Korkuyordum açıkçası. Her ne kadar iri yarı olsam da başıma bir şey
gelebilirdi. Bunları düşündükçe, adımlarım hızlanıyordu. Yağmur da yağıyordu
üstelik. Normalde yağmur varken, içim huzur dolardı. Fakat bu sefer öyle
değildi. Yağmurun şiddeti arttıkça benim de kalp ritmim şiddetleniyordu. Neden
böyle olmuştu? Yaz yağmuruydu bu, bana şans getirirdi. Böyle düşünüyordum çünkü
muhteşem bir anısı vardı benim için. Yaz yağmuru, düşüncelerimin başucundaydı.
Mevsimlerden
yazdı, her zamanki gibi yürüyüşe çıkmıştım. Evden çıkıp deniz kenarına yürümeye
koyuldum. Tam deniz kenarına gelmişken, aklıma bir fikir geldi. Oturduğum
sitenin diğer taraflarını hiç gezmemiştim, merak ediyordum. Ani bir karar
değişikliği ile siteye döndüm ve dolaşmaya başladım. Tam bir evin bahçesindeki
çiçeklere bakarken, bardaktan boşalırcasına yağmur yağmaya başladı. Sırılsıklam
olmuştum. O arada evin sahibi kapıyı açıp beni içeri davet etti. Nazik, bekar
bir hanımefendiydi. Çok hoş biri gibi görünüyordu. İçeri girince biraz sohbet
ettik. Tek kelimeyle mükemmel biriydi. Bu, yazın ilk yağmuru, beni dünyanın en
şanslı kişisi yapmıştı. İsmi Yağmur'du. Şansa bakın, yağmur sayesinde
tanıştığım kişinin adı da Yağmur'du.
Aradan
1 ay falan geçmişti, iyice bağlanmıştım ona. Her günümüzü birlikte
geçiriyorduk. Arkadaşça. Öyle görüyorduk birbirimizi, arkadaş olarak. Belki de
sadece o öyle görüyordu. Her ne kadar arkadaş olduğumuzu sansam da ben ona
ister istemez aşık olmuştum. Evet, evet. Kesinlikle aşıktım ona. Onsuz
yapamıyordum. Her zaman yanımda olsun istiyordum. Onu her saat, her dakika ve
her saniye özlüyordum.
Bir
gün yanına gittiğimde bana gideceğini söyledi. Bunu duyduğumda beynimden
vurulmuşa döndüm. Yurt dışına gidemezdi. Beni bırakamazdı. Ertesi gün evine
gittiğimde eşyalarını toplamış, gidiyordu. Ona son bir kez sarılma şansım
vardı. Sarıldım. Belki de hiç geri dönmeyecekti. Mutsuz bir şekilde taksiye
bindi ve uzaklaştı. Yapabildiğim tek şey, arkasından bakmak olmuştu...
İşte o
günden beri, yaz yağmurlarının bana uğur getirdiğine inanırım. Her gün onun
evinin önünden geçerim. İşte bu yağmurlu yaz gününde de, onun evine gidiyordum.
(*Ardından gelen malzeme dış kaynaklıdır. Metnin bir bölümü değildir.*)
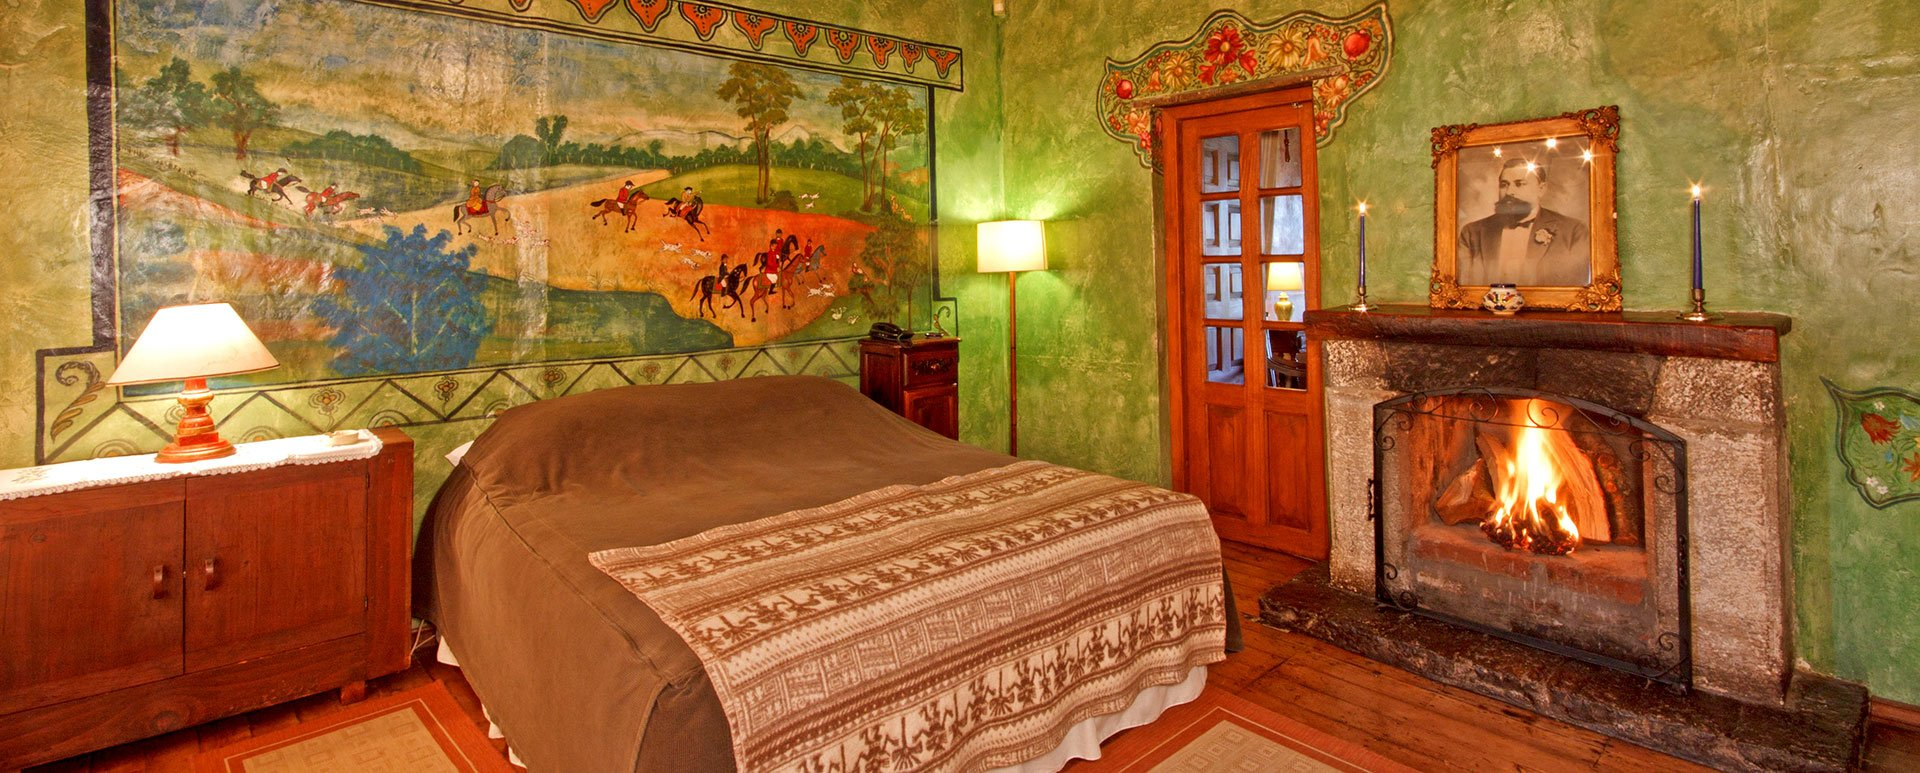 Hacienda San Agustin de Callo room

Eve yaklaştığımda, evin ışıklarının yandığını gördüm. Koşarak evin yakınına
gittim, kapı açıktı. İçeri girdiğimde bir kadın gördüm. İlk başta her ne kadar
tanımasam da, sonradan Yağmur olduğunu anladım. İnanamıyordum. Ne kadar
değişmiş ve güzelleşmişti. Yıllardır hasretini çektiğim insan karşımda
duruyordu. Kim olduğumu anlamıştı sanırım. Bana gülümsedi. Gülüşü hala aynıydı.
Sıcacık ve samimi. Sonra birden, gözleri derinleşti, bakışları uzaklara kaydı.
Dudaklarında hafif bir tebessüm belirdi, eskileri hatırlıyordu o da. Bir anda
gözleri parladı ve bakışlarını bana yöneltti. Gözlerinin içine baktığımda eski
günlerimizi görebiliyordum. Koşarak boynuma atladı. Onu özlemiştim.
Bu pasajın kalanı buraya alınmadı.